— Listed entries —
-- Opening Marker --

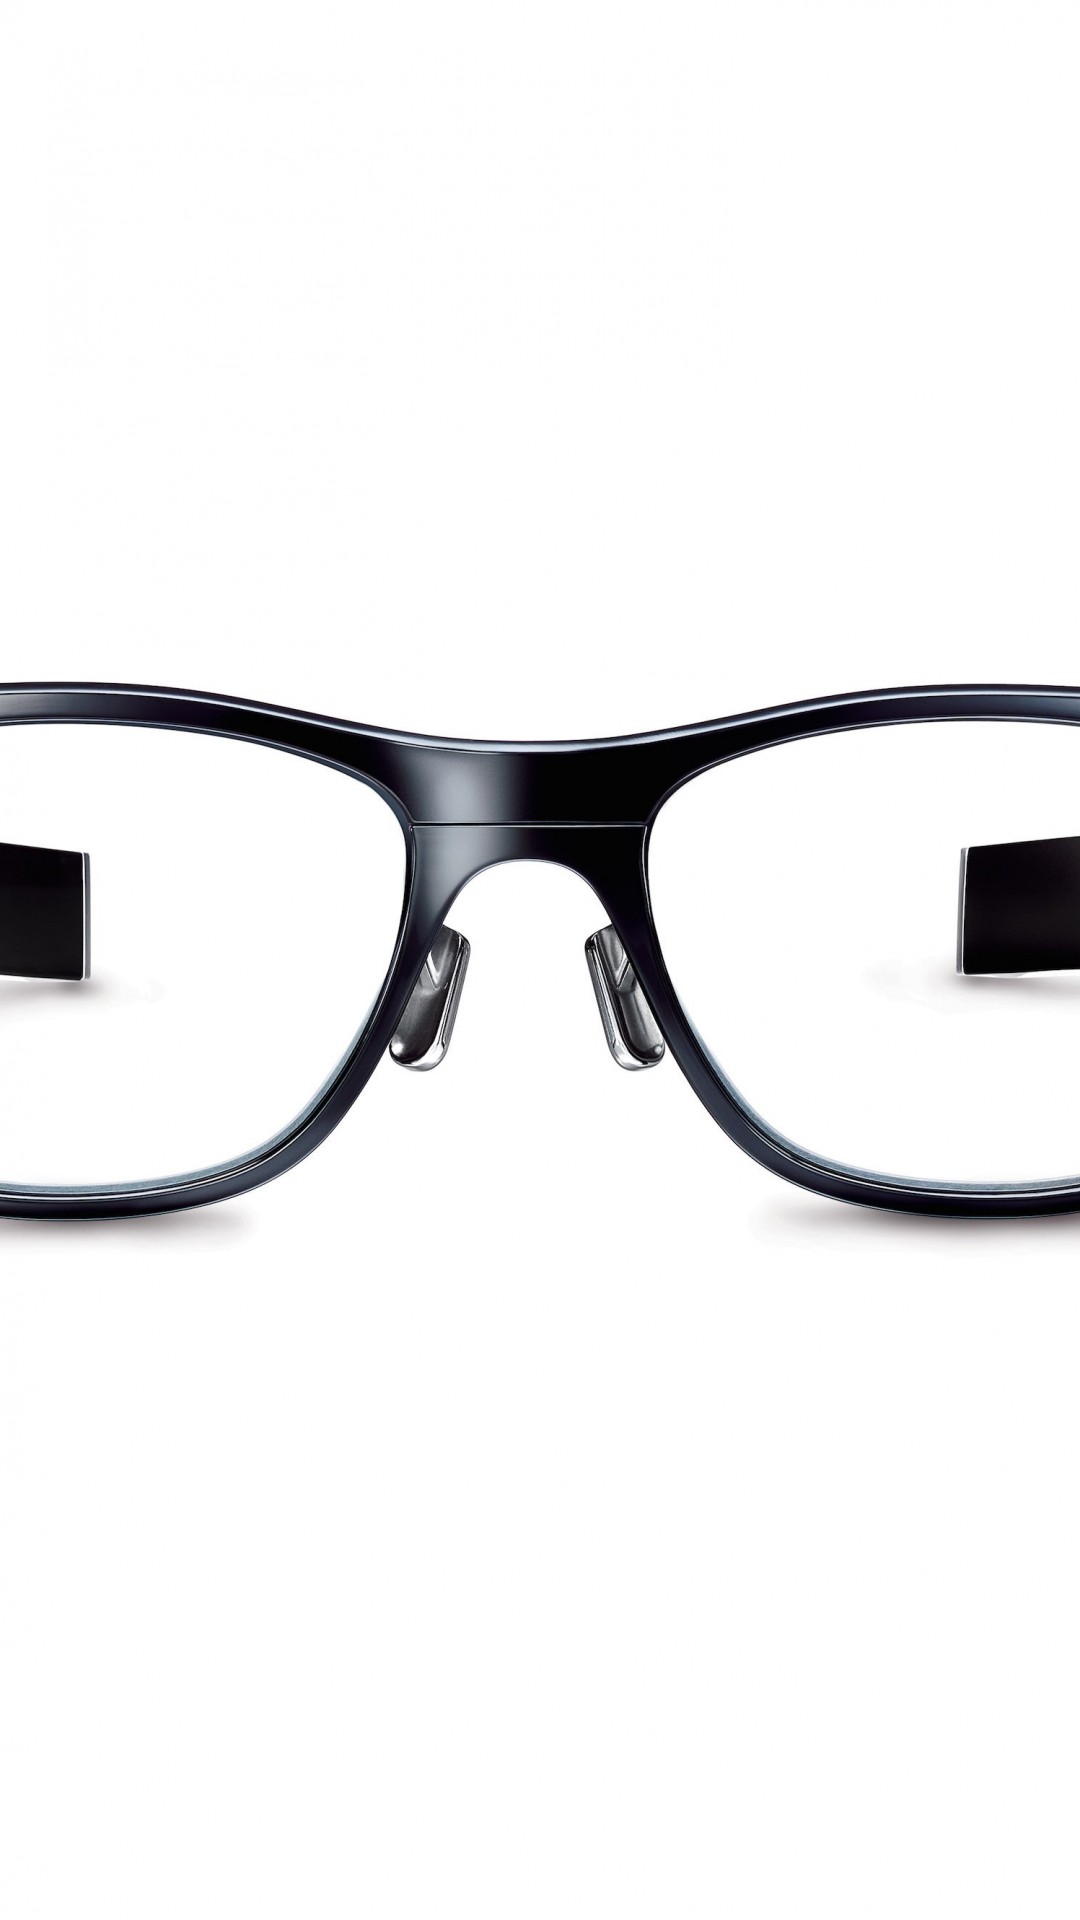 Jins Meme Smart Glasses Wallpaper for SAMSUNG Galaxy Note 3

-- Closing Marker --
-- Opening Marker --

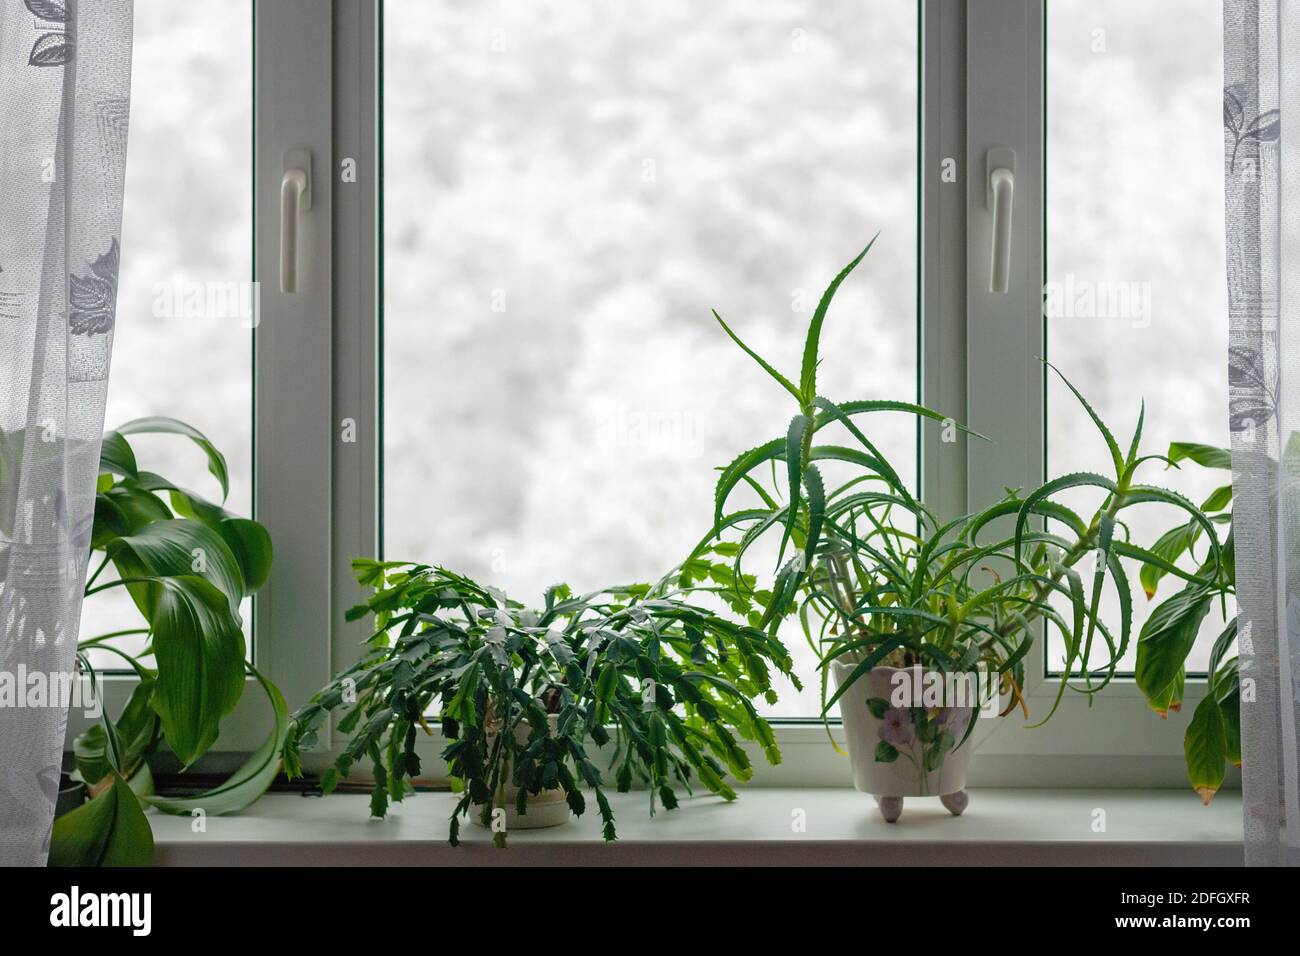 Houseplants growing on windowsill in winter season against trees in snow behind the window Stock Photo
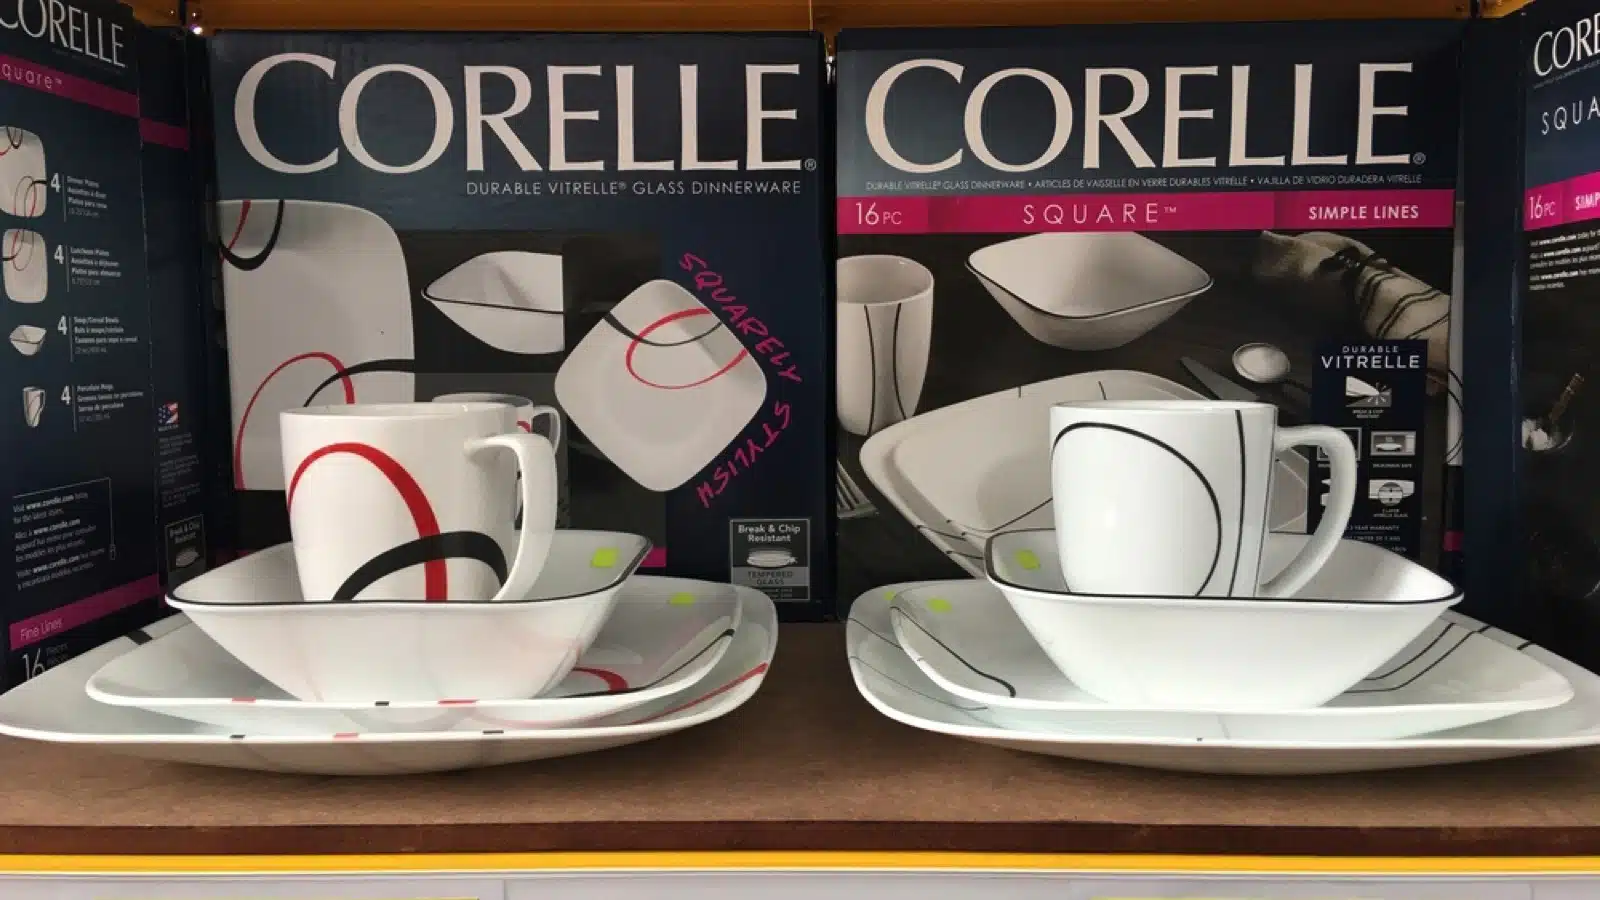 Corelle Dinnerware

-- Closing Marker --

— The problem —
With the pictures omitted, copy the entries above exactly from the line containing "Houseplants growing on" through the line containing "Corelle Dinnerware", both lines included.

— Response to this task —
 Houseplants growing on windowsill in winter season against trees in snow behind the window Stock Photo
 Corelle Dinnerware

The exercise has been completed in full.